Thread: Stored procedures and "pseudo" fields..

Stored procedures and "pseudo" fields..

From
Lars Erik Thorsplass
Date:
I have recently ventured into the exciting world of stored procedures,
but I have now become lost.

Background:

Am currently working on access control in a web application. My goal
is to process access control on the SQL level. This way if a row is in
the result set, you have access to it, if not, you dont.


Problem:

My stored procedure "acl_check()" takes two integers as parameters.
Param1 is the object id to check acl on, Param 2 is the object id of
the user currently using the system. The procedure returns a positive
numer (1 or 3 ) if you have some kind of access to the object. As one
might understand I want the returned value from the acl_check()
procedure to be a part of the result set.

Kinda like this:

SELECT *, acl_check( objects.obid, <user_id> ) AS mode FROM objects
WHERE mode > 0;

This gives me a: ERROR:  column "mode" does not exist

If I remove the "mode > 0" logic, I get a resultset with mode in it as
expected. Why cant I do logic tests with the mode "field" ?

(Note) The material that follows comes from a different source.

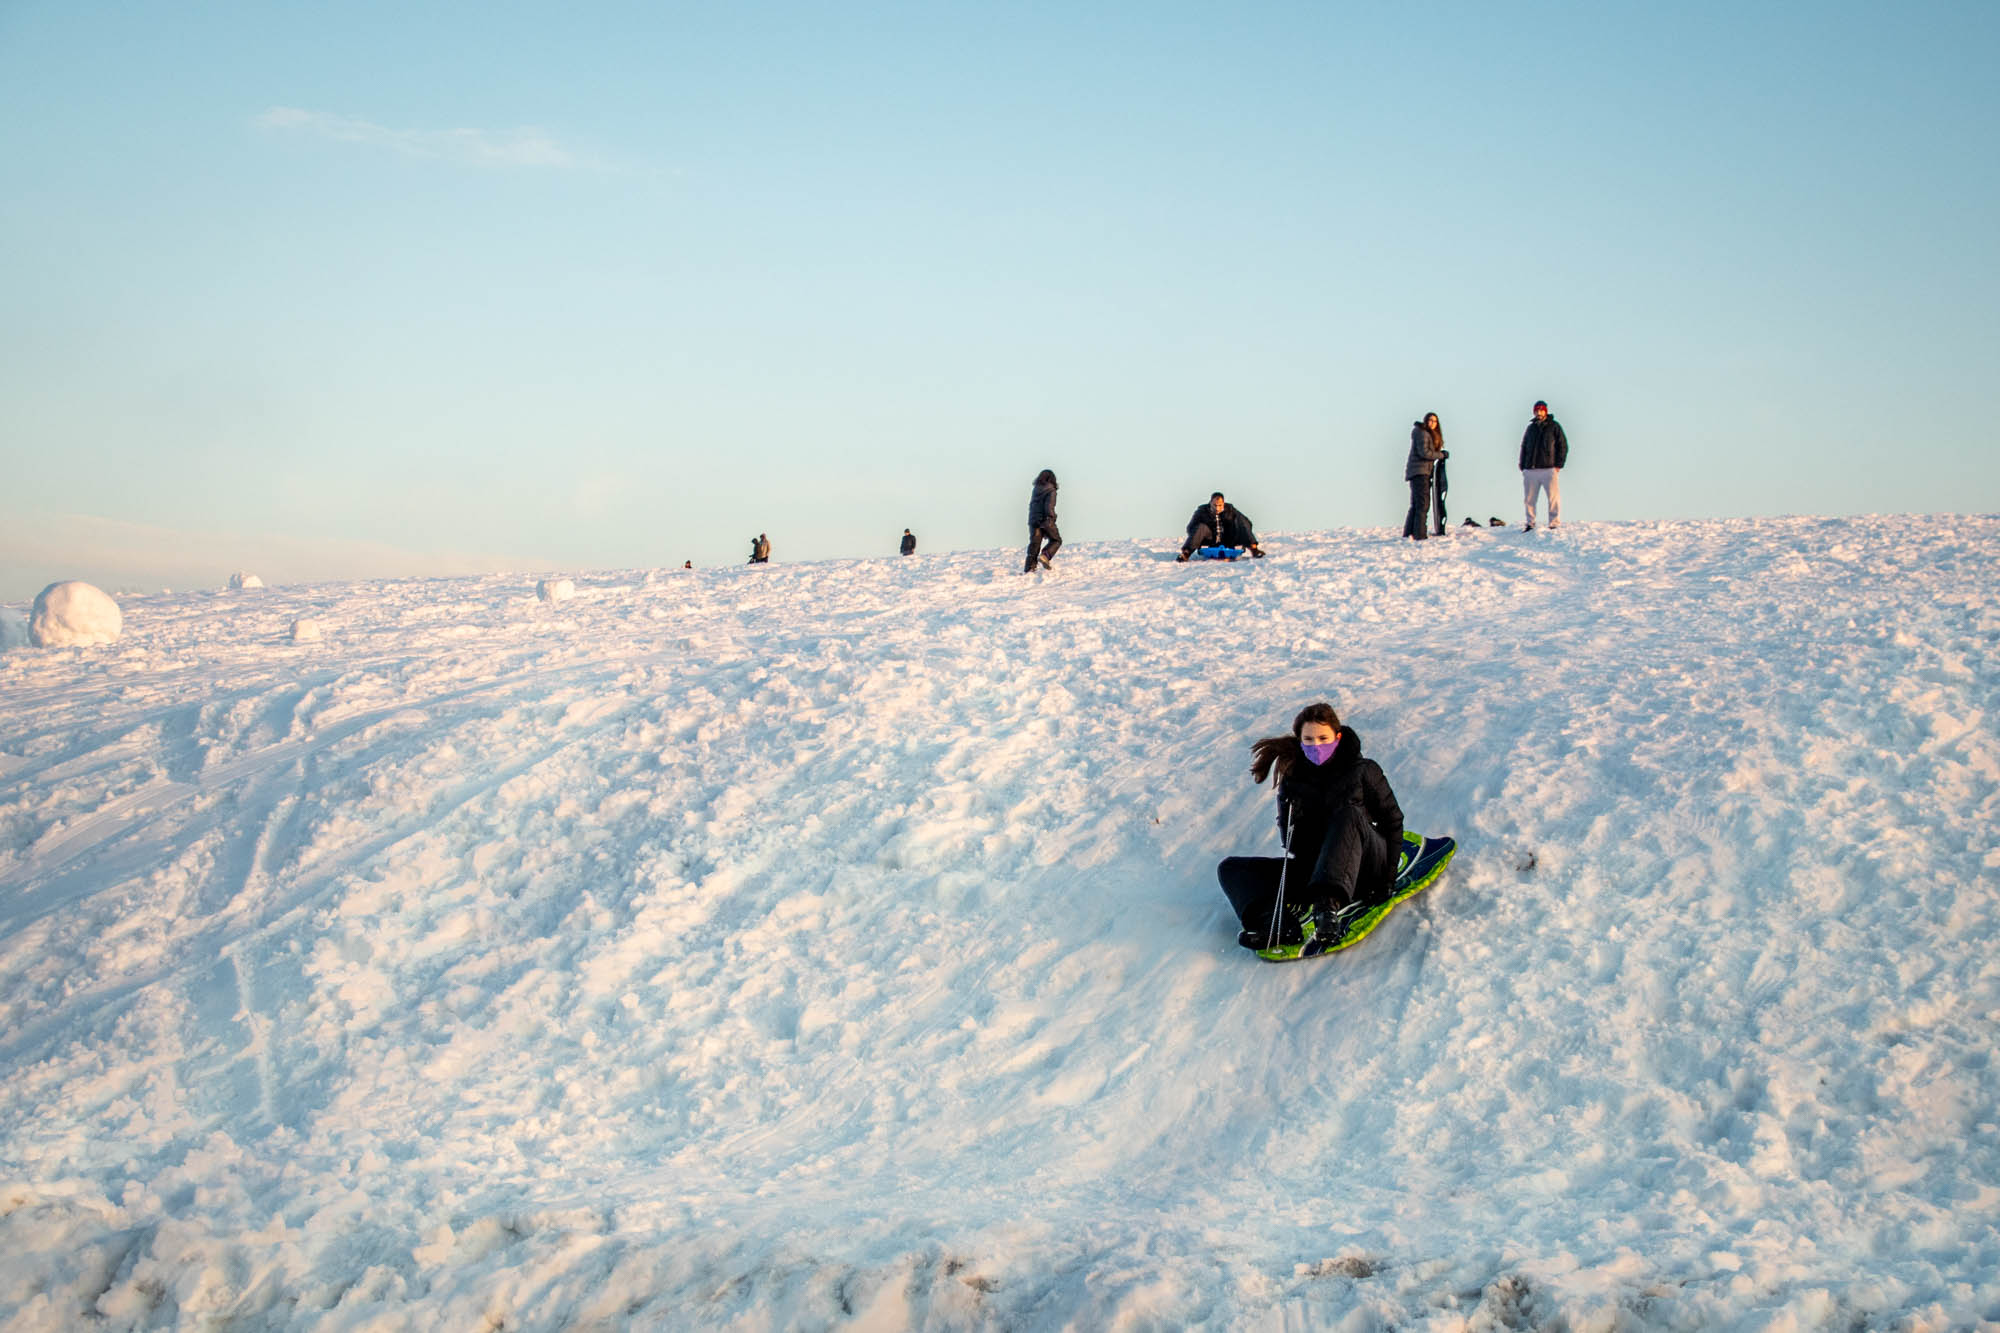 People sledding on a snowy hill

I tried a diffrent approach with a diffrent error:

SELECT * FROM objects, acl_check( objects.obid, 32 ) as mode WHERE mode > 0;

This gives me a: ERROR:  function expression in FROM may not refer to
other relations of same query level.

Here objecs.obid is unknown i suppose, but if I enter "10" as the
first param using the mode "field" in a logic statement works.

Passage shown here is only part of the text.